===
0074,
9
===

 

{74,9}

vuh dasht-e ḳhauf-nāk rahā hai mirā vat̤an
sun kar jise ḳhiẓar ne safar se ḥażar kiyā

1a) that fearsome desert has been/'remained' my homeland
1b) my homeland has been/'remained' that fearsome desert

2) having heard [of] which, Khizr felt wariness/fear about traveling

 

Notes:

ḥażar : 'Caution, wariness, vigilance, care; prudence; —fear'. (Platts p.475)

S. R. Faruqi:

By means of Khvajah Khizr, he's expressed the terrifyingness of the desert of passion in a very enjoyable style, in two places in the sixth divan. One such verse:

{1800,4}

Also from the sixth divan [{1878,2}]:

ḳhiẓr dasht-e ʿishq meñ mat jā kih vāñ
har qadam maḳhdūm ḳhauf-e sher hai

[Khizr, don't go into the desert of passion, for there
at every step, Your Lordship, there's a fear/danger of tigers]

But in the present verse, there are two additional pleasures.
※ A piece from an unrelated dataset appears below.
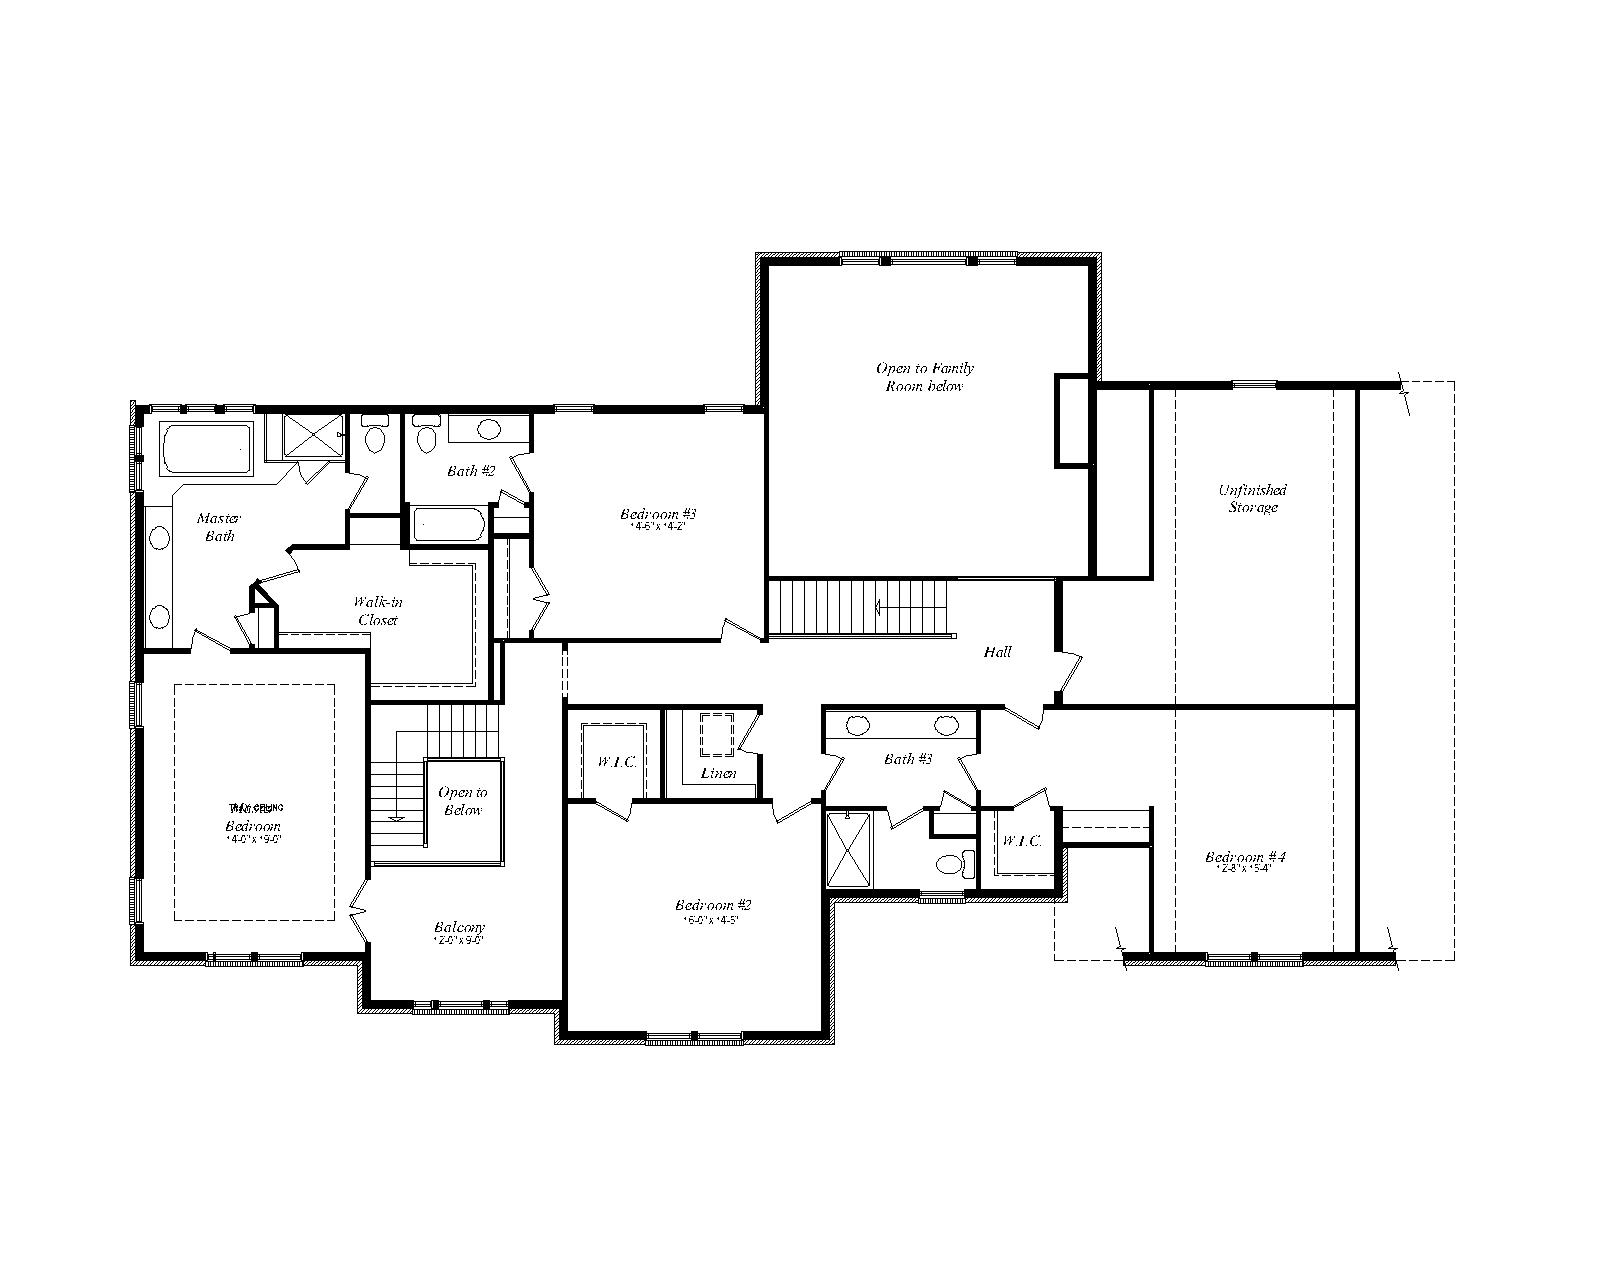 Second Floor Plan_08292016.jpg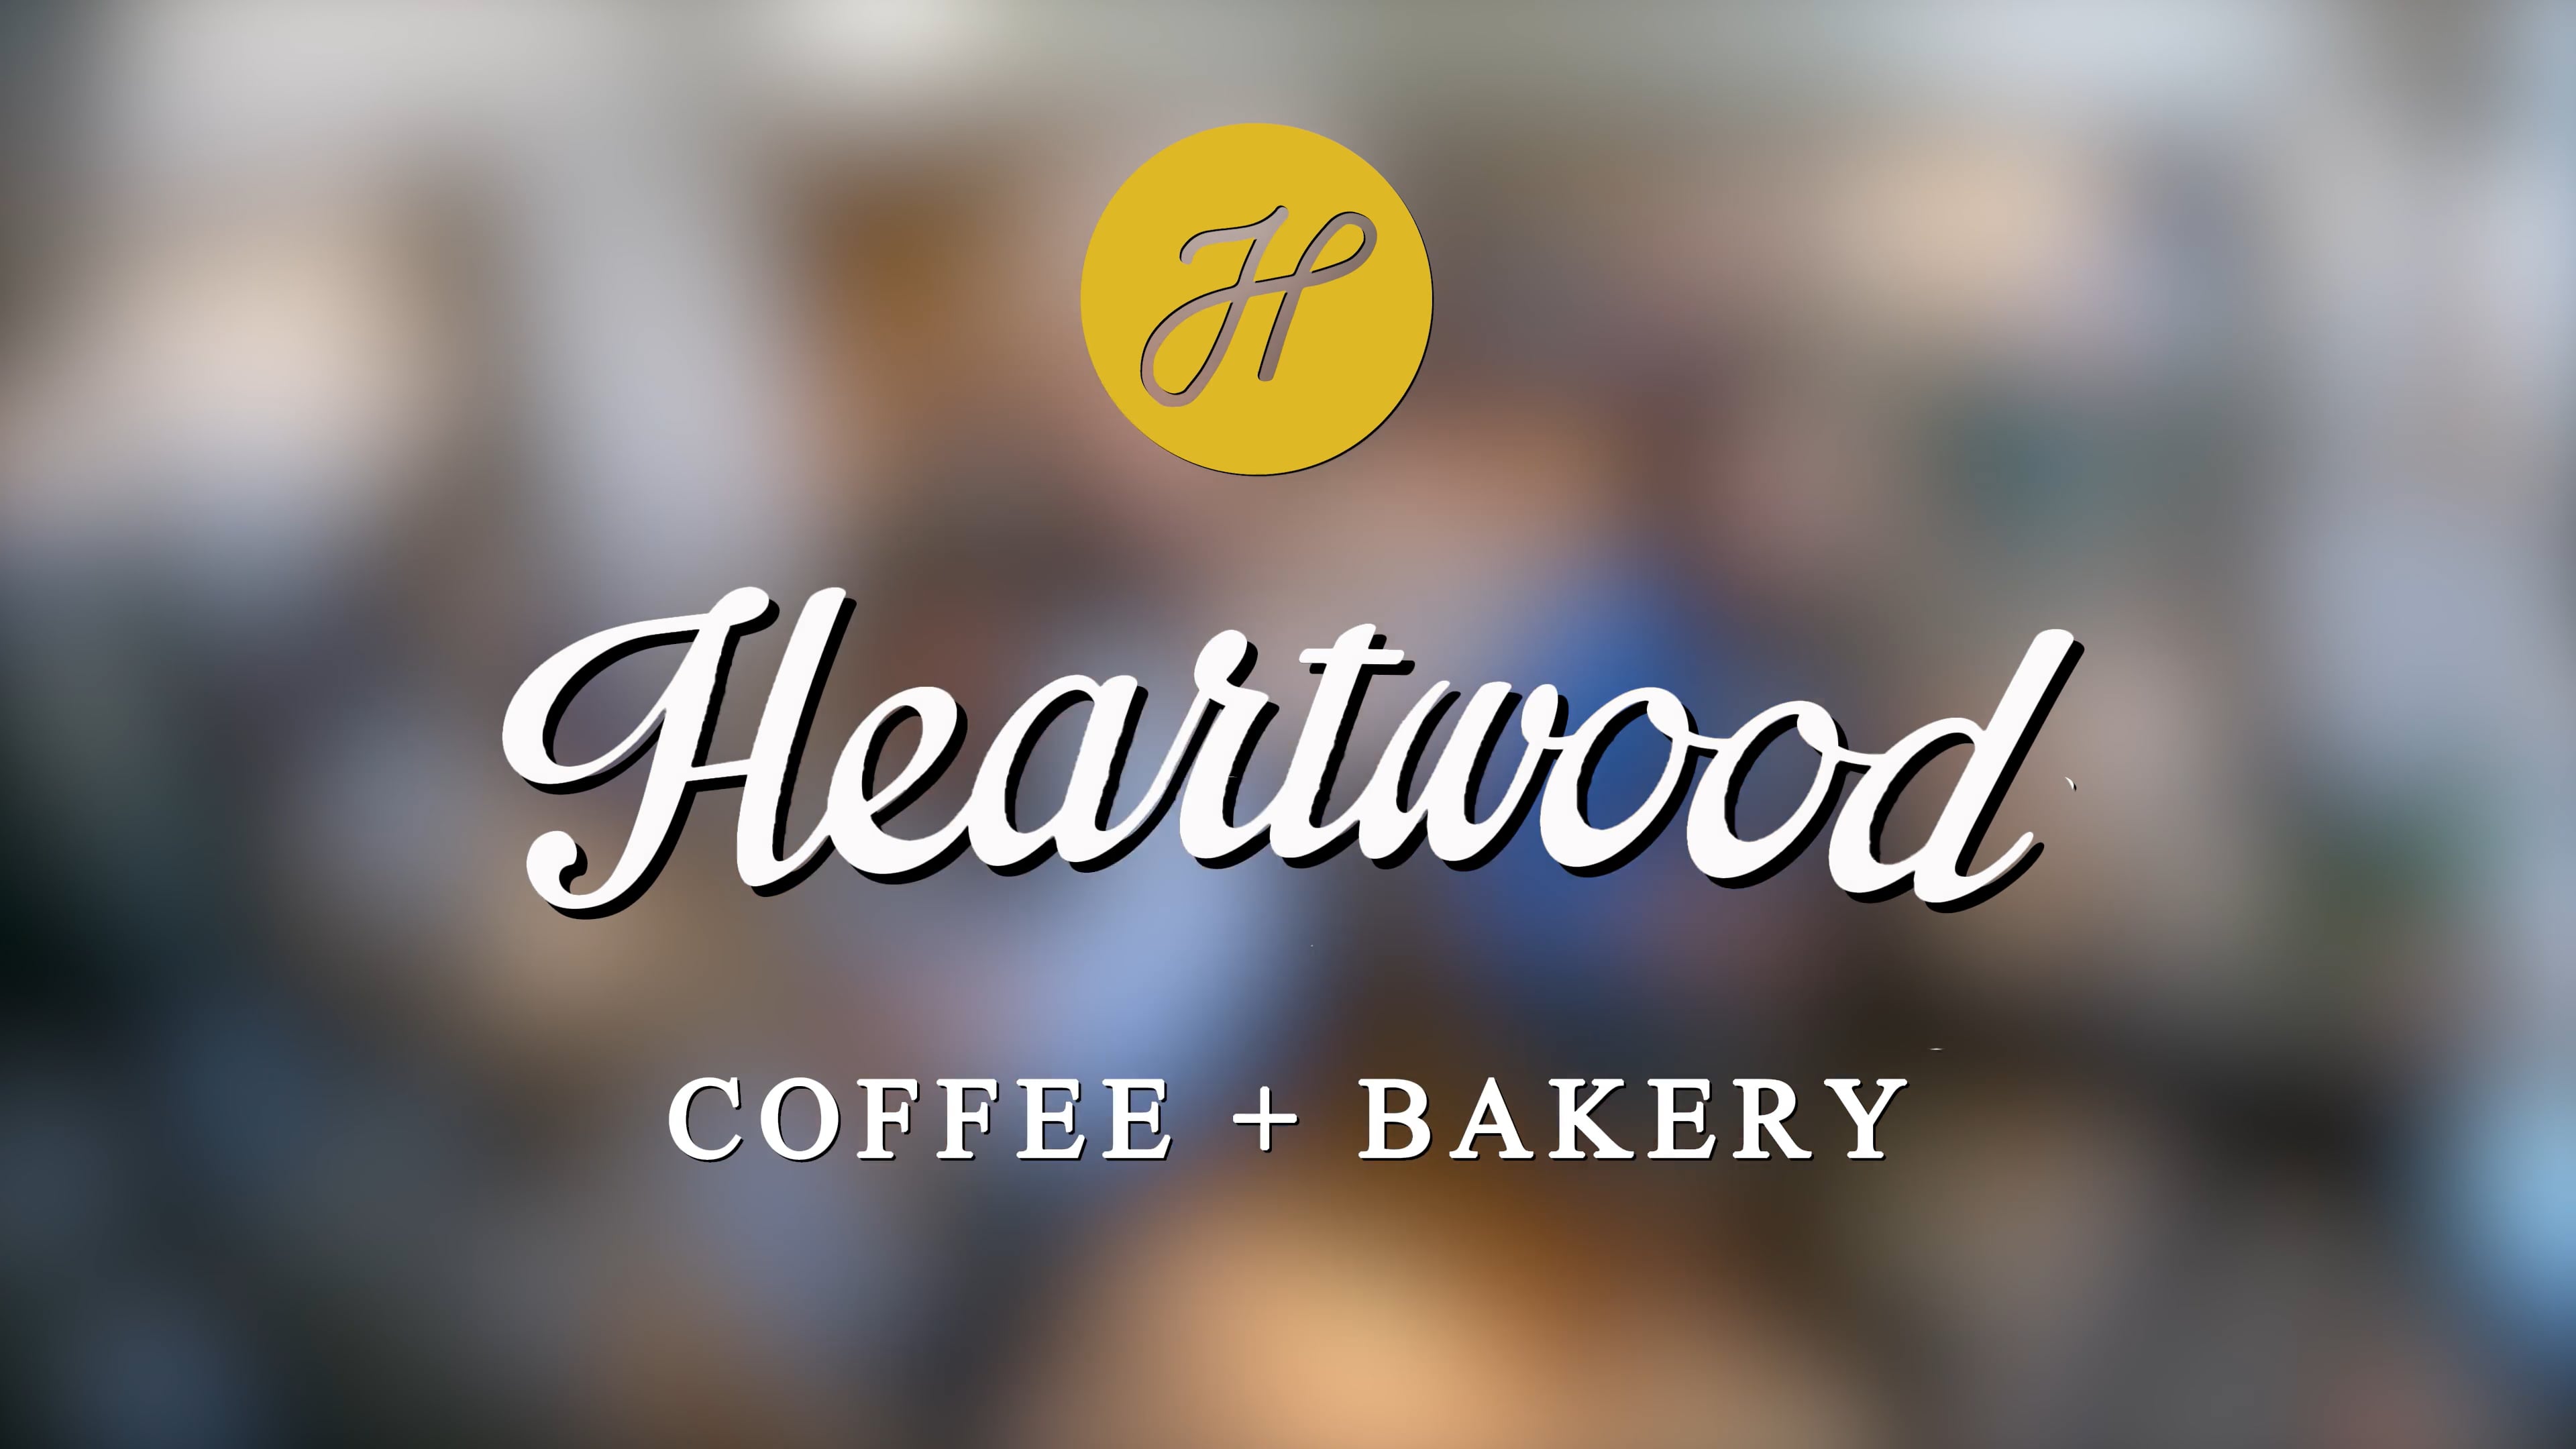 Heartwood Coffee + Bakery

One is that from 'has been/'remained' my homeland' the suspicion arises that now, my homeland has not remained [nahīñ rahā] in that fearsome desert.

The second is that he has very finely used the affinity between safar and ḥażar , because through it the possibility of ḥaẓar ('to pause, halt') arises, which is a paired opposite of safar . In this way the pleasure of a zila has come to exist between safar and ḥażar .

[See also {124,2}; {711,5}.]

FWP:

SETS == SYMMETRY
MOTIFS == DESERT; HOME; SOUND EFFECTS
NAMES == KHIZR
TERMS == ZILA

The piling-on of degrees of separation is a real delight. That terrifying desert of passion that is the speaker's homeland is not only not Khizr's homeland, it's not only not a place he's traveled through, it's not only not a place he might travel through, it's not only not a place he might want to inquire about-- it's a place the very mention of which puts him off traveling entirely. He who is preeminently the guide, the road-finder, the helper of the lost, the water-associated one, the 'green' one who brings fertility wherever he goes, the unkillable one who will live till Doomsday-- even he himself can't remotely endure the very idea of the desert of passion that the speaker has lived in as natively as (in the ghazal world) a salamander can live in fire.

Here's another, even cleverer boast, from the second divan [{721,9}]:

milā kahīñ to dikhā deñge ʿishq kā jangal
bahut hī ḳhiẓr ko ġharrah hai rah-numāʾī kā

[if we meet him somewhere, then we will show him the jungle/wilderness of passion
Khizr has a very great pride in road-showing]

In {721,9}, what is the connection between the lines? Is it helpfulness ('We'll help Khizr expand his professional knowledge of this, our native terrain')? Is it disdain ('He's foolishly arrogant, we'll take him down a peg or two')? Or is it unholy glee ('He only shows 'roads', we'll flummox him by showing him a place with no roads'). In fact I like {721,9} better than the present verse.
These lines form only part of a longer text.